- [What the exercise asks]:
Would you output the listing exactly, with every image omitted?

- [Dataset content]:
%%

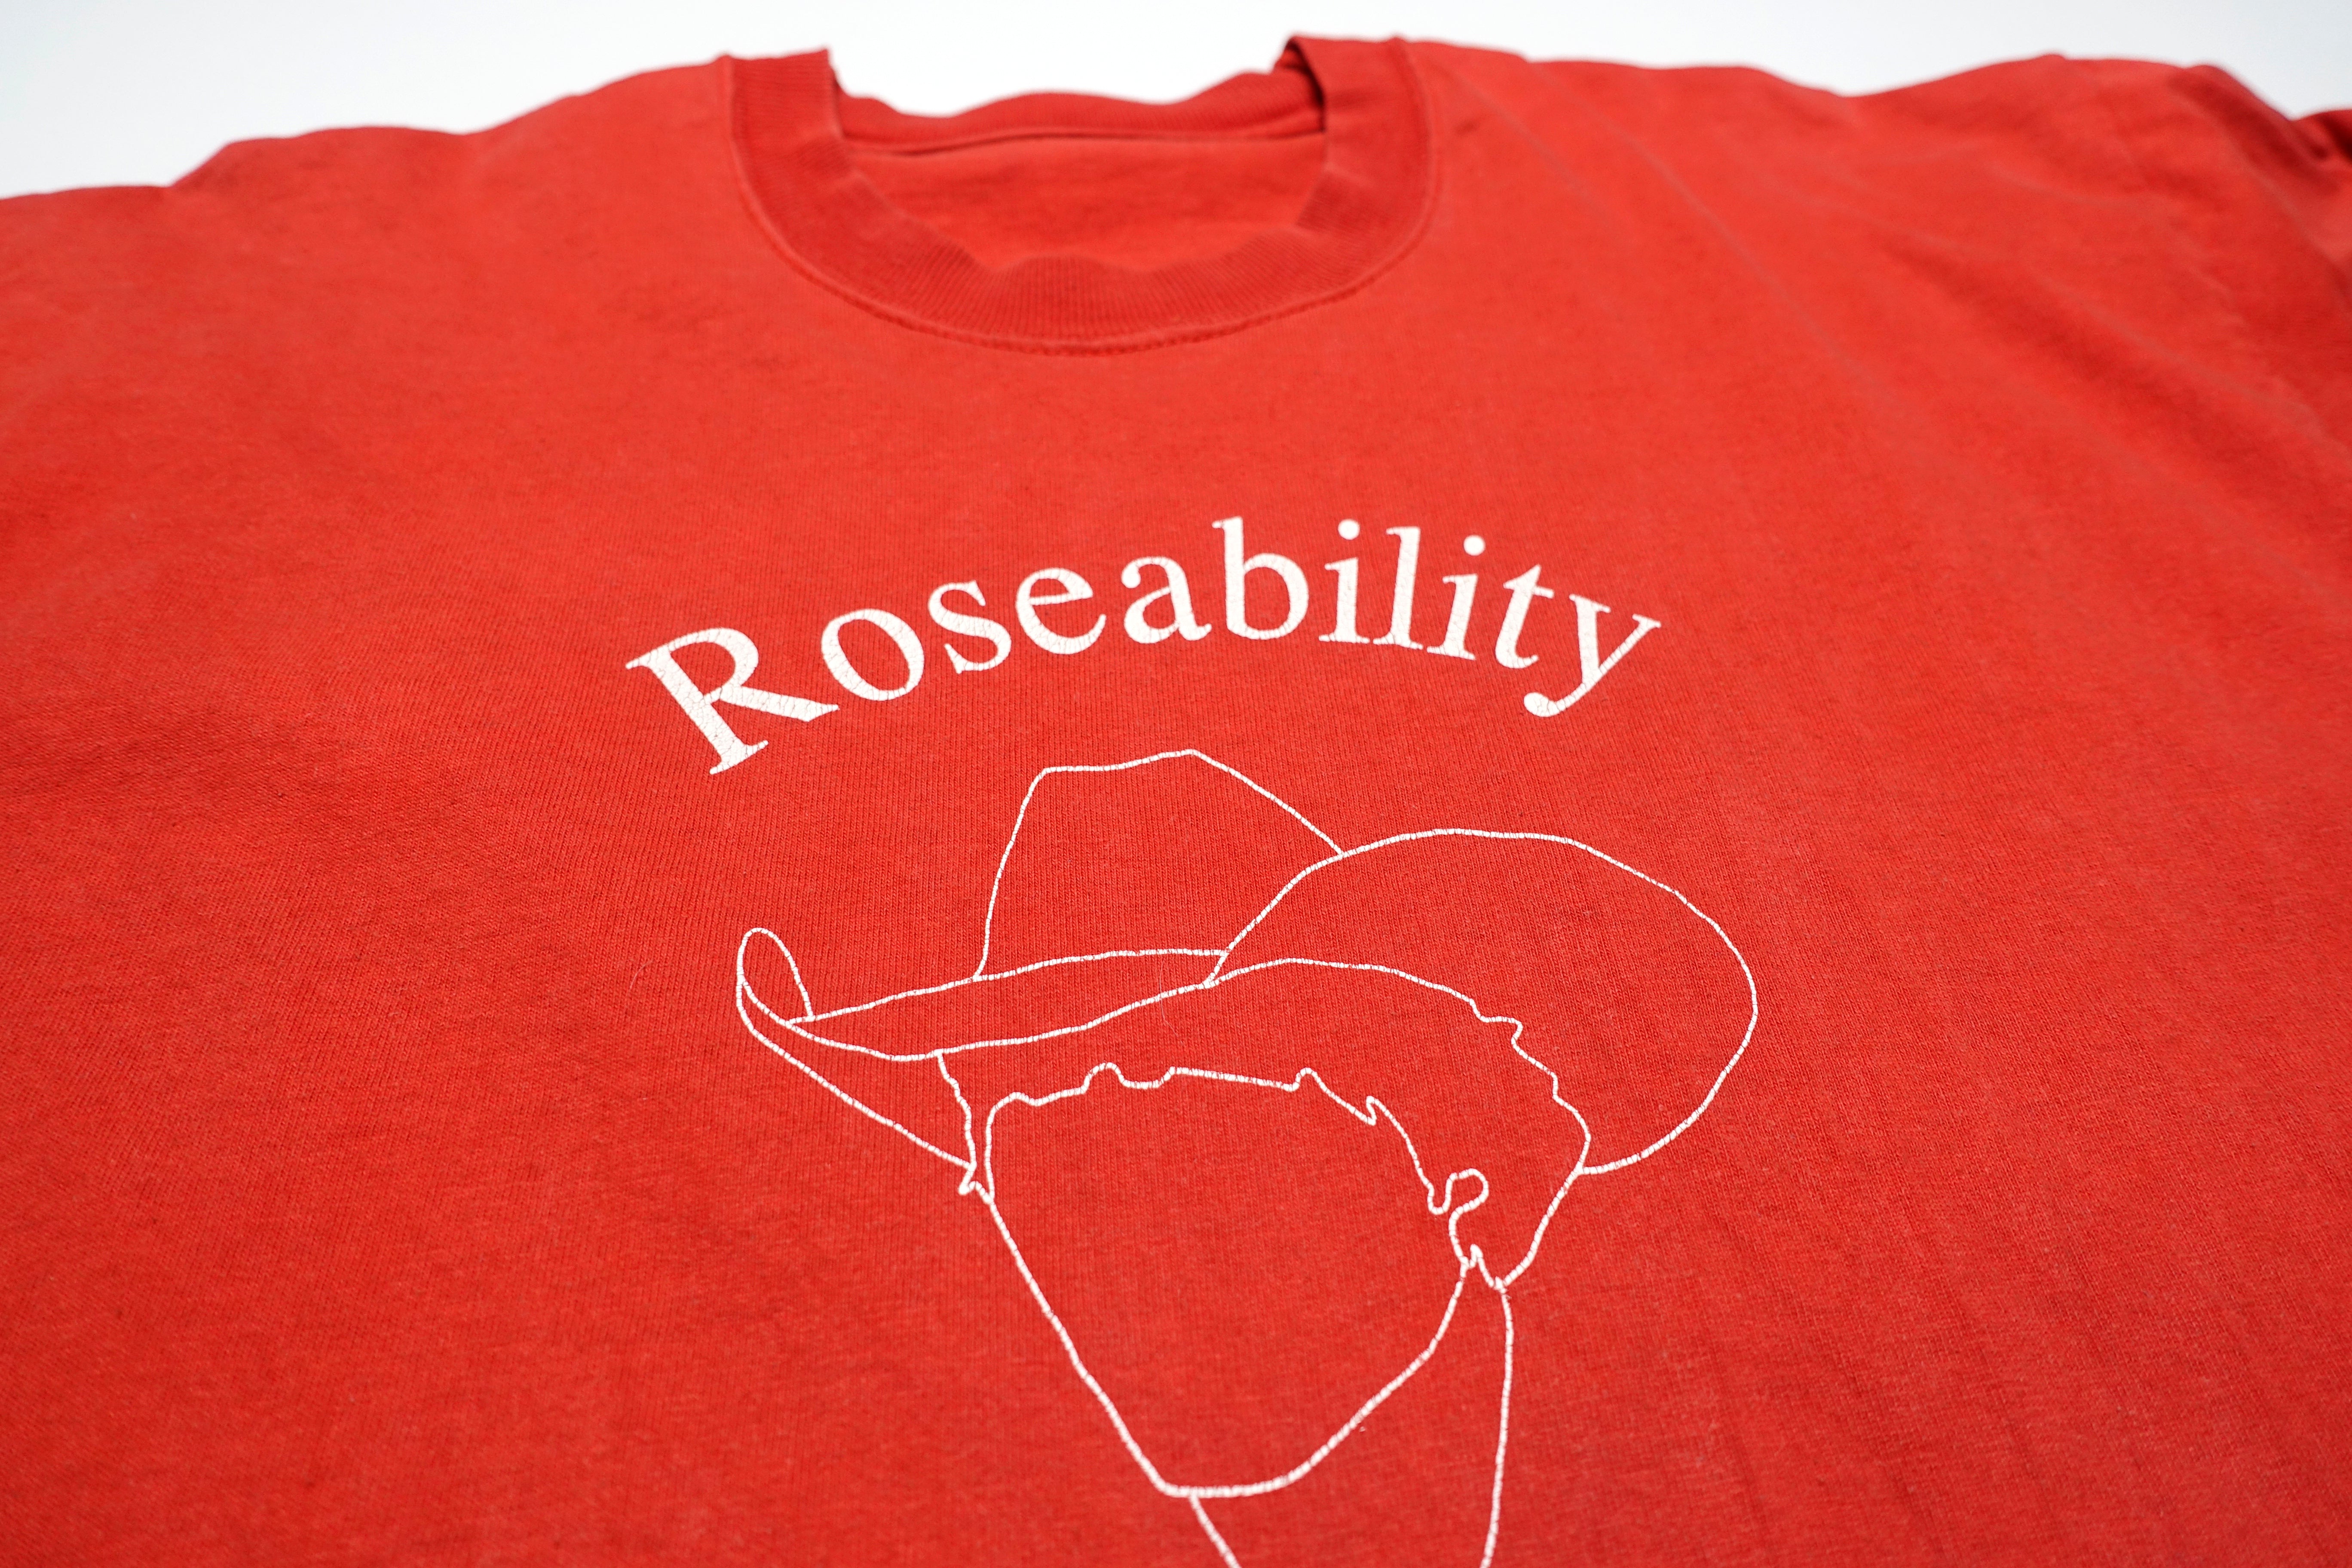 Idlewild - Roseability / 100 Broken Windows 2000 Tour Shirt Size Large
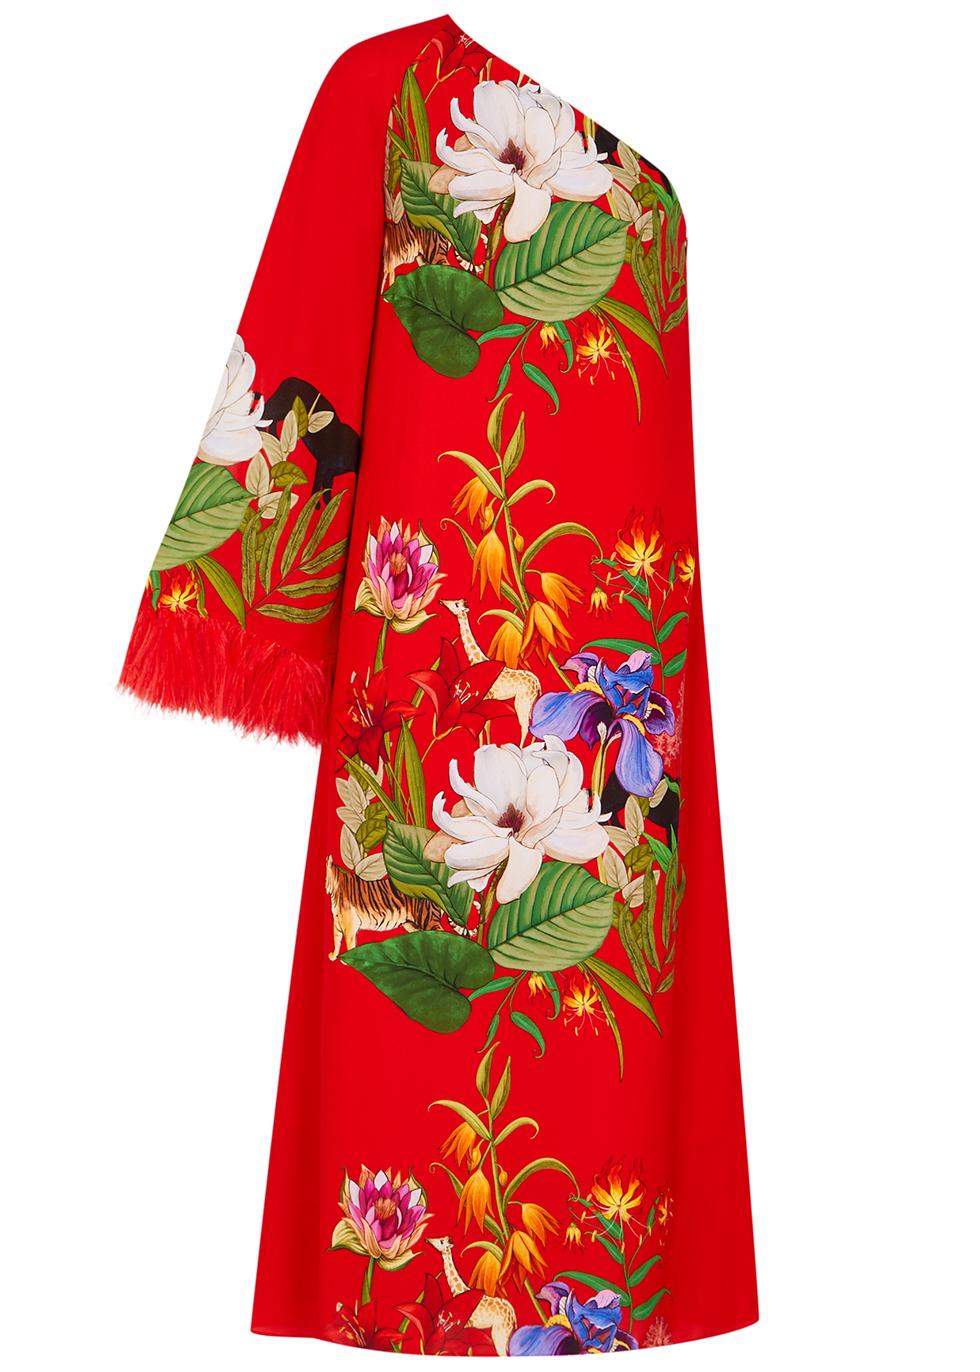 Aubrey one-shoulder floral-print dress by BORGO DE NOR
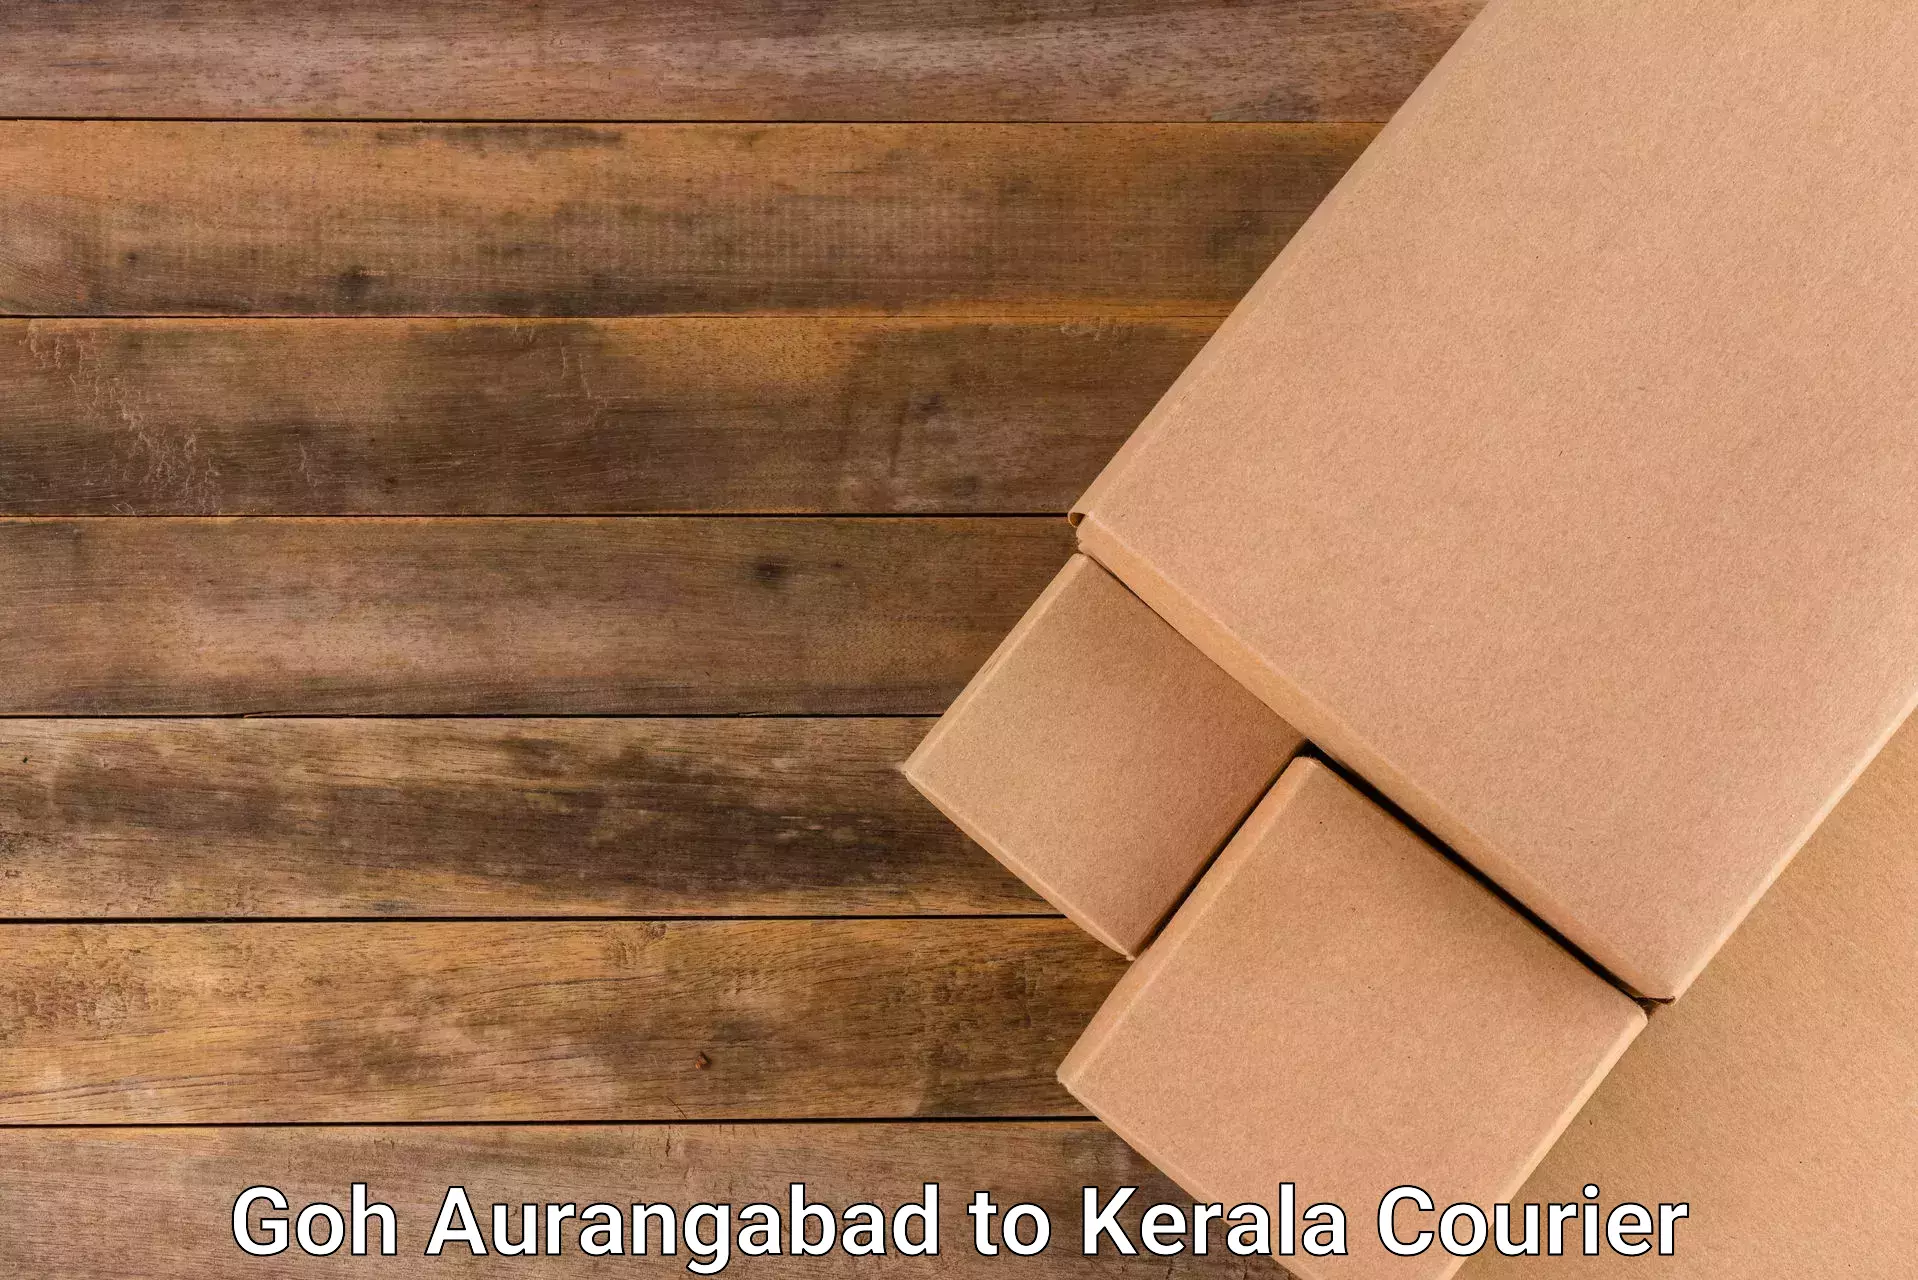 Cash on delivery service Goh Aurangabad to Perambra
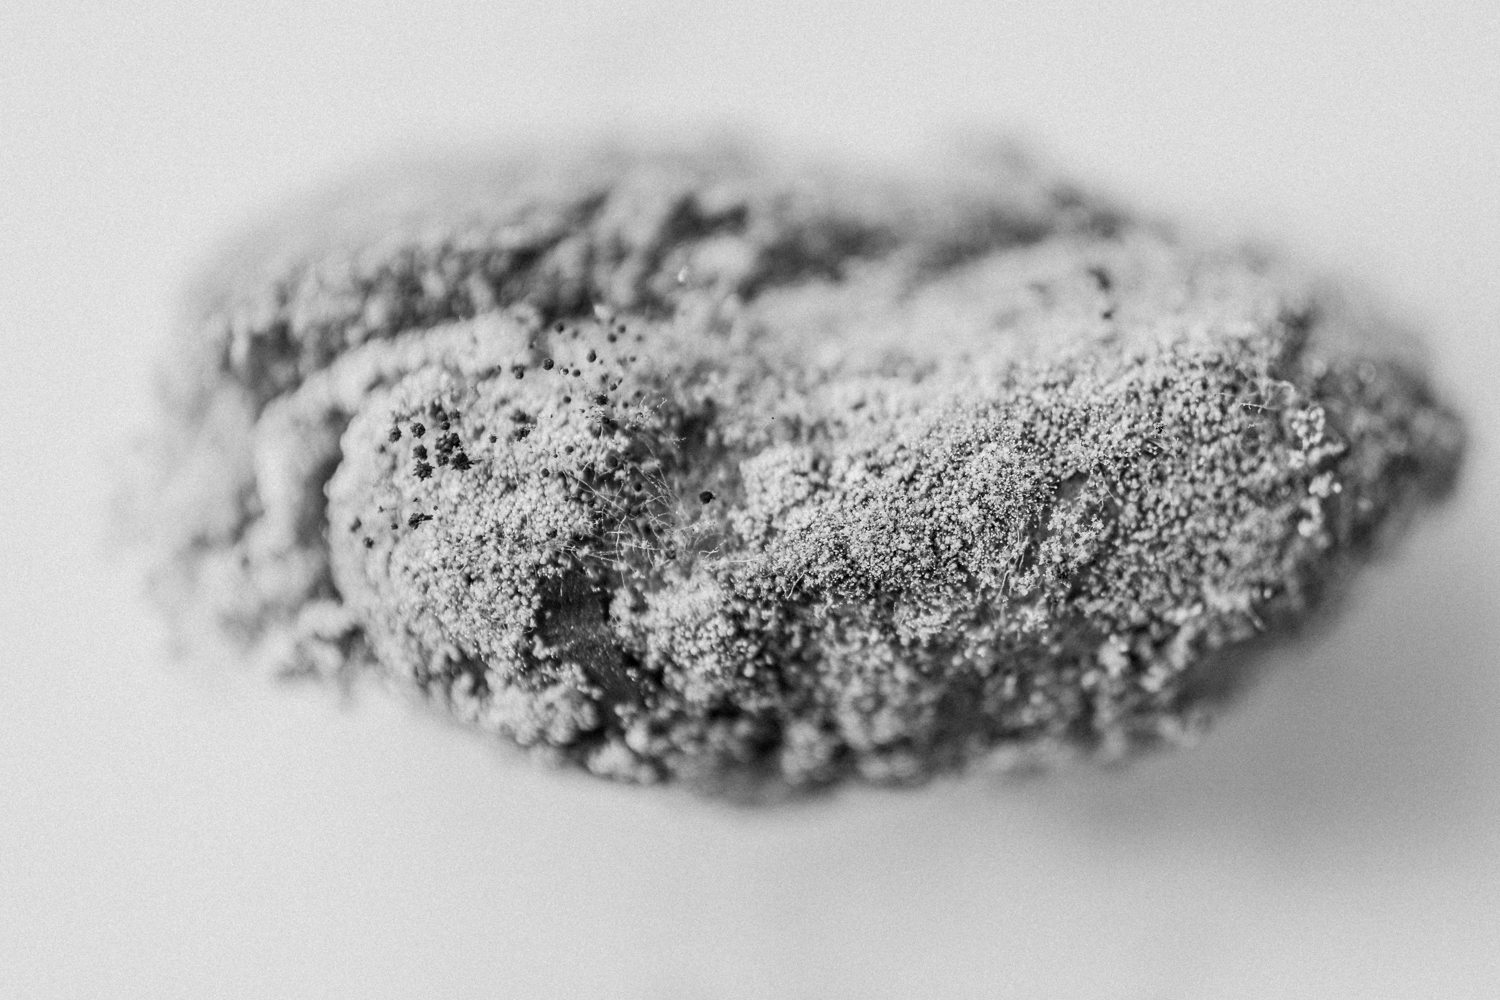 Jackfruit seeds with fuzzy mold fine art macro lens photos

%%

- [Solution to the exercise]:
 Idlewild - Roseability / 100 Broken Windows 2000 Tour Shirt Size Large
 Aubrey one-shoulder floral-print dress by BORGO DE NOR
 Cash on delivery service Goh Aurangabad to Perambra
 Jackfruit seeds with fuzzy mold fine art macro lens photos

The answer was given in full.